:: THE PROBLEM ::
Restate the listing word for word; omit the images.

:: RECORDED DATA ::
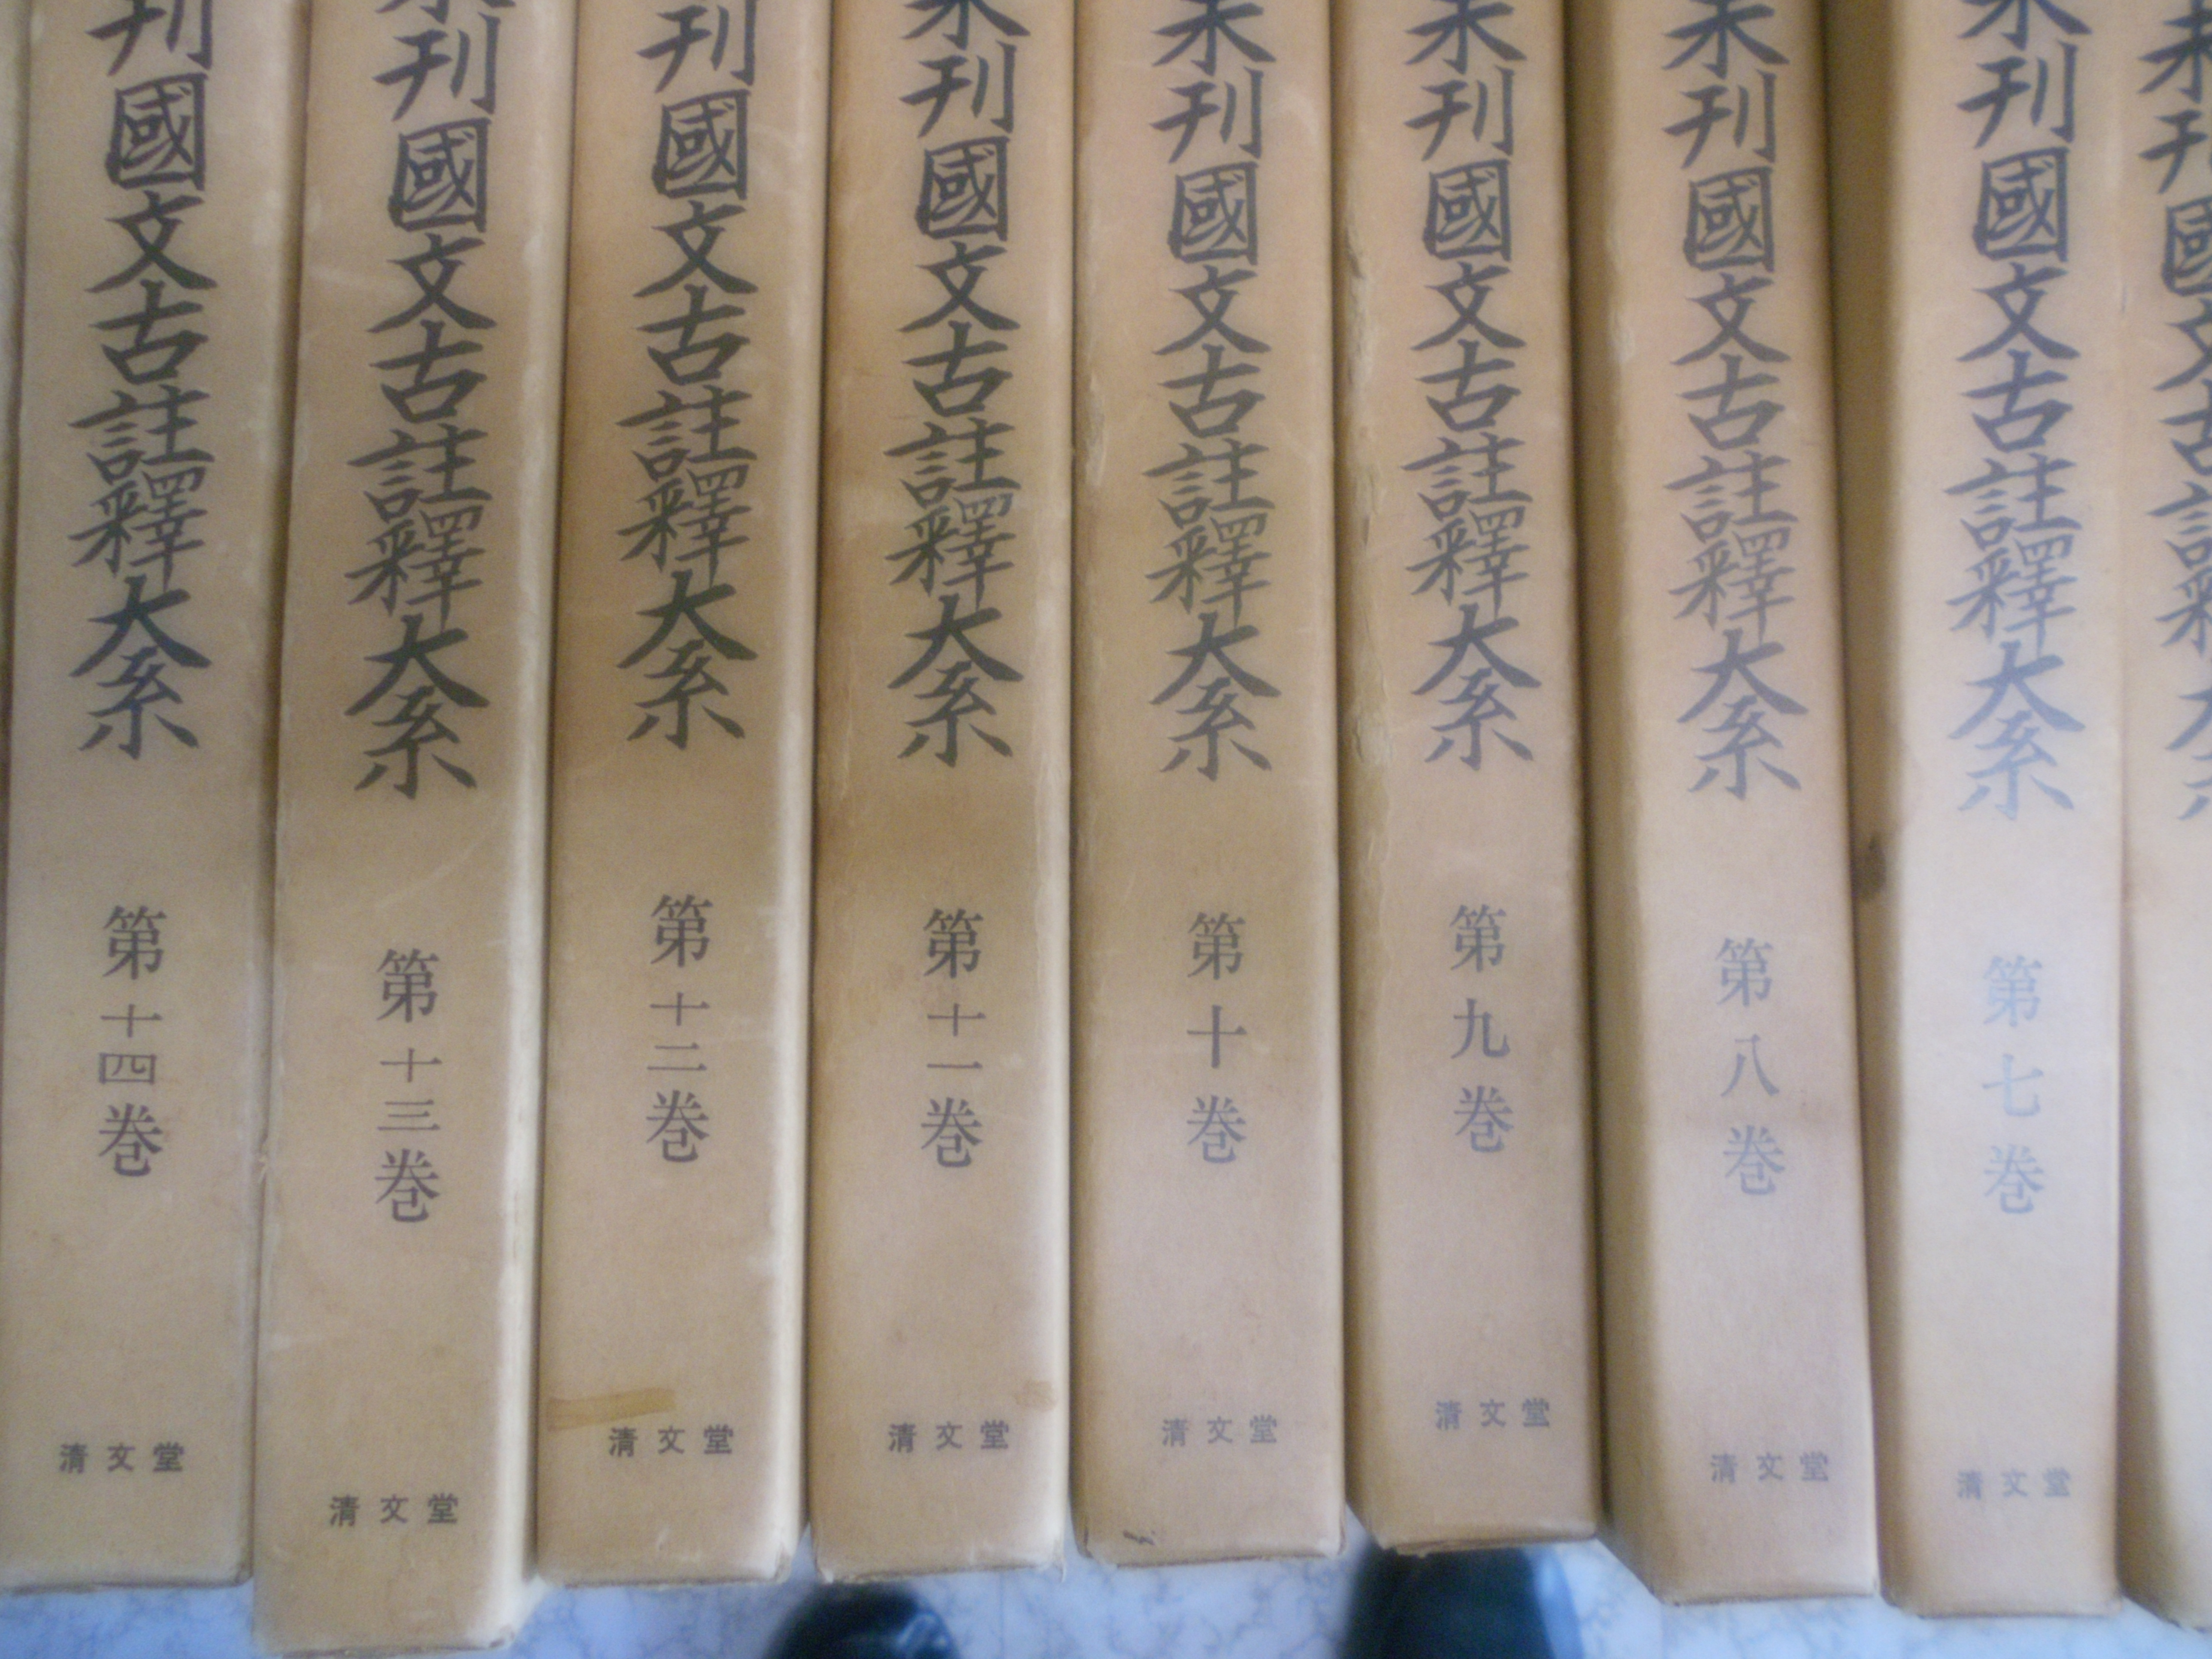 複刻版　未刊国文古註釈大系17冊　(全18巻のうち第4巻欠) 　吉沢義則編　清文堂　1968年刊
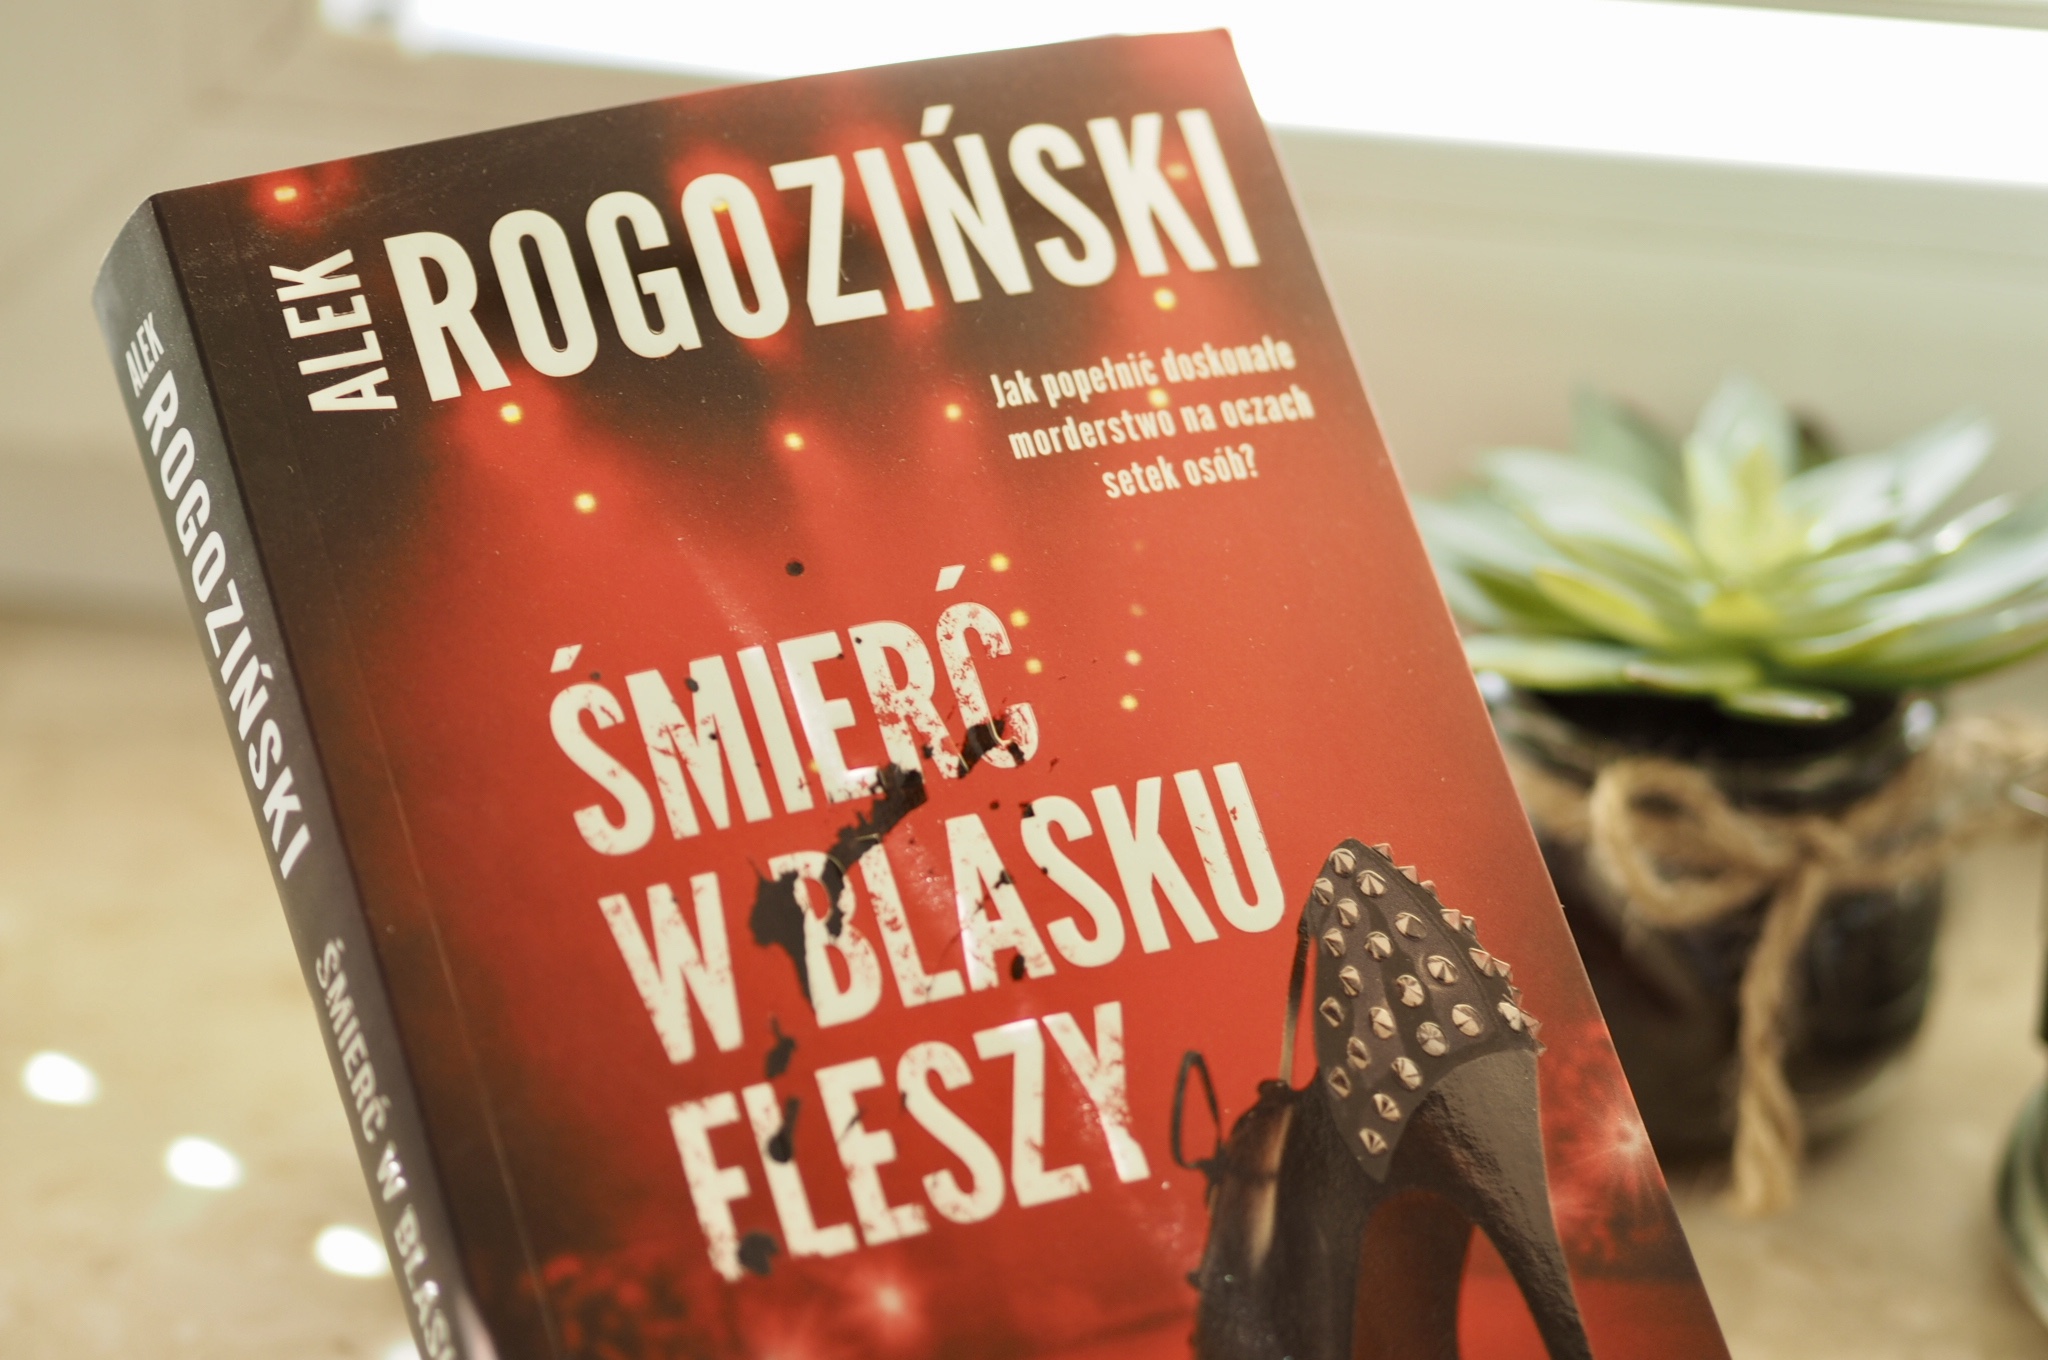 Alek Rogoziński "Smierć w blasku fleszy"
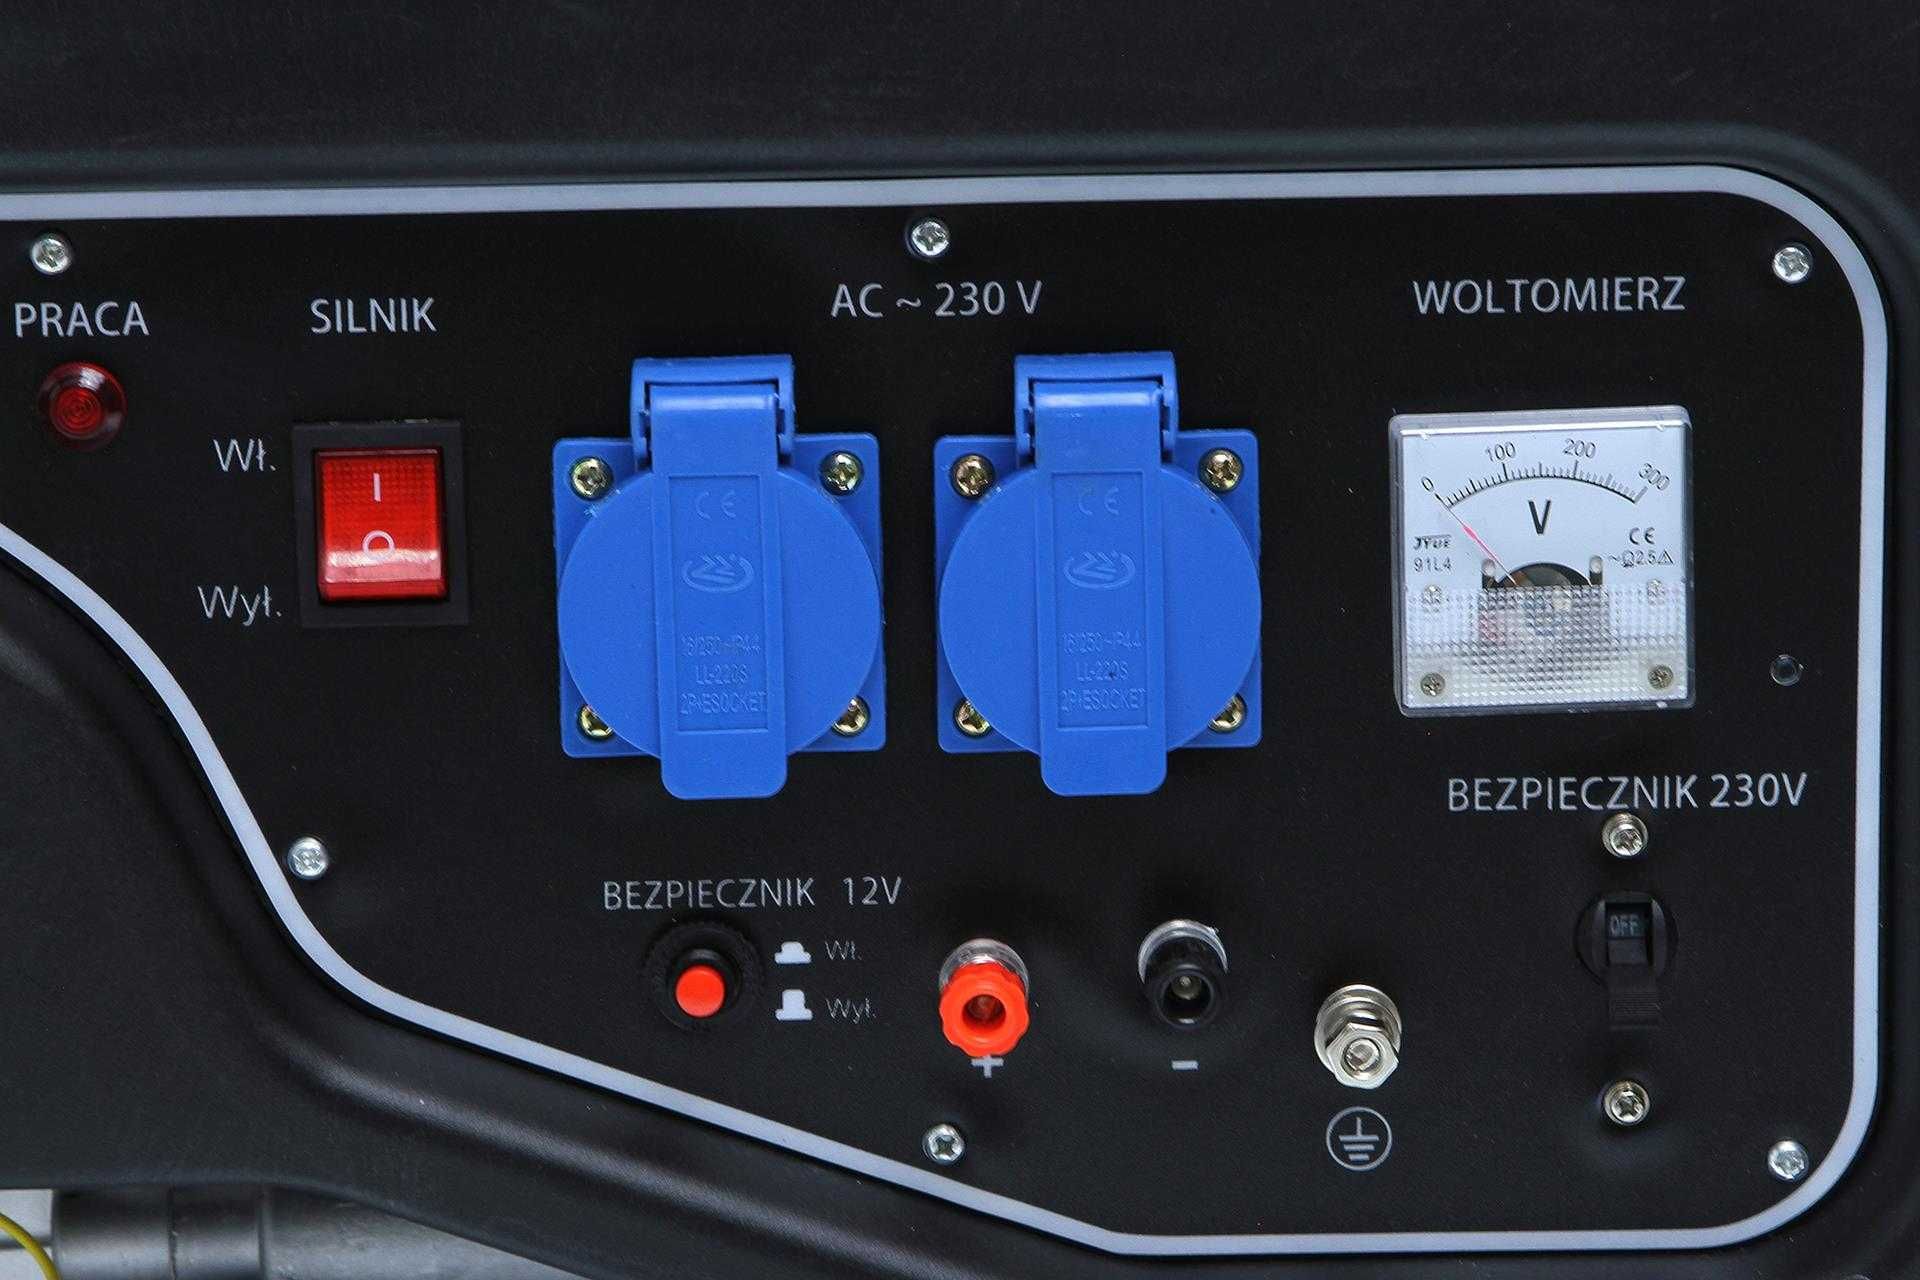 Przenośny generator prądu agregat  prądotwórczy RIPPER 230V

:: RESULT FOR THIS EXERCISE ::
 複刻版　未刊国文古註釈大系17冊　(全18巻のうち第4巻欠) 　吉沢義則編　清文堂　1968年刊
 Alek Rogoziński "Smierć w blasku fleszy"
 Przenośny generator prądu agregat  prądotwórczy RIPPER 230V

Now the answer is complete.